Since the earlier 1920's, the Tribune has entered into Collective Bargaining Agreements ("CBAs") with its employees. In addition to these CBAs, on January 17, 1979 the Tribune entered into a Pension Subscription Agreement with its employees' union, the Chicago Web Printing Pressmen's Union ("Union"). The terms of the 1979 Pension Subscription Agreement required the Tribune to "contribute monthly to the IP & GCU-Employer Retirement Fund the sum of $2.70 per straight-time shift worked for Journeymen and $1.89 per straight-time shift worked for Apprentices and Junior Pressmen for each employee in the collective bargaining unit represented by the Union."
A little over a year later, on February 29, 1980, the Tribune and the Union entered into a new CBA ("1980 CBA"). The 1980 CBA addressed numerous employment issues, including the Tribune's duty to contribute to the employees' pension fund ("Fund"). Specifically, Section 20 of the 1980 CBA required the Tribune to make pension contributions to the Fund at the same level as that set forth in the Subscription Agreement, namely $2.70 per straight-time shift worked for Journeymen and $1.89 per straight-time shift worked for Apprentices and Junior Pressmen. Section 20 of the 1980 CBA also defined the term "straight-time," which was left undefined by the 1979 Subscription Agreement. Additionally, Section 22A of the 1980 CBA established a Benefits Committee which was responsible for determining appropriate increases in the pension contribution rates. The 1979 Subscription Agreement had not provided for increases in the pension contribution rates. The 1980 CBA also contained an integration clause which provided:
SECTION 46. It is mutually agreed that this contract, the Job Security Lists, the letter from the Association to the Union dated February 29, 1980, and the Supplementary Agreement between the parties dated February 29, 1980 shall constitute the entire agreement between the parties.
Following the execution of the 1980 CBA, the Tribune made contributions to the Fund at the initial rates established by the 1980 CBA of $2.70 and $1.89. On April 3, 1980 and April 3, 1981, pursuant to section 22A of the 1980 CBA, the Benefits Committee raised the contribution rates, the last increase setting monthly pension contributions rates at $6.00 per straight-time shift for Journeymen and $4.20 per straight-time shift for Apprentices and Junior Pressmen. The Tribune then contributed to the Pension Fund at these higher rates established pursuant to section 22A.

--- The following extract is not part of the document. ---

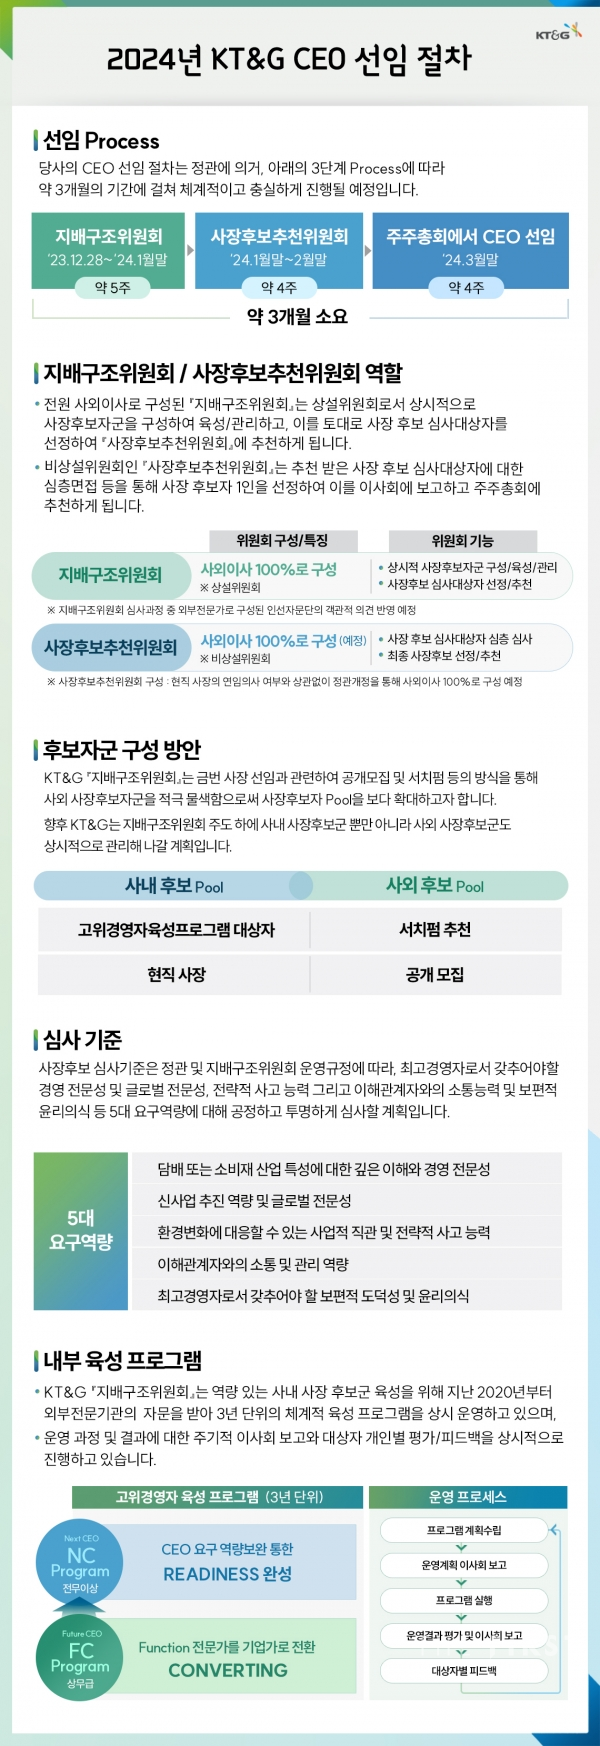 KT&G 이사회, 차기 사장 선임 절차 본격 가동… 28일부터 사장 후보 공개 모집

On April 2, 1985, the 1980 CBA expired. At that time the Tribune and the Union had not yet entered into a new collective bargaining agreement. The Tribune nonetheless continued to make pension contributions to the Fund during contract negotiations. The parties, however, were unable to negotiate a new contract and the deadlock eventually ended in a strike on July 18, 1985. Approximately 100 employees represented by the Union continued to work for the Tribune during the strike and replacement workers filled the remaining vacancies. The Tribune continued to make pension contributions to the Fund on behalf of the non-striking workers. During this time, however, the Union came to believe that the Tribune's contributions were insufficient to cover its obligations...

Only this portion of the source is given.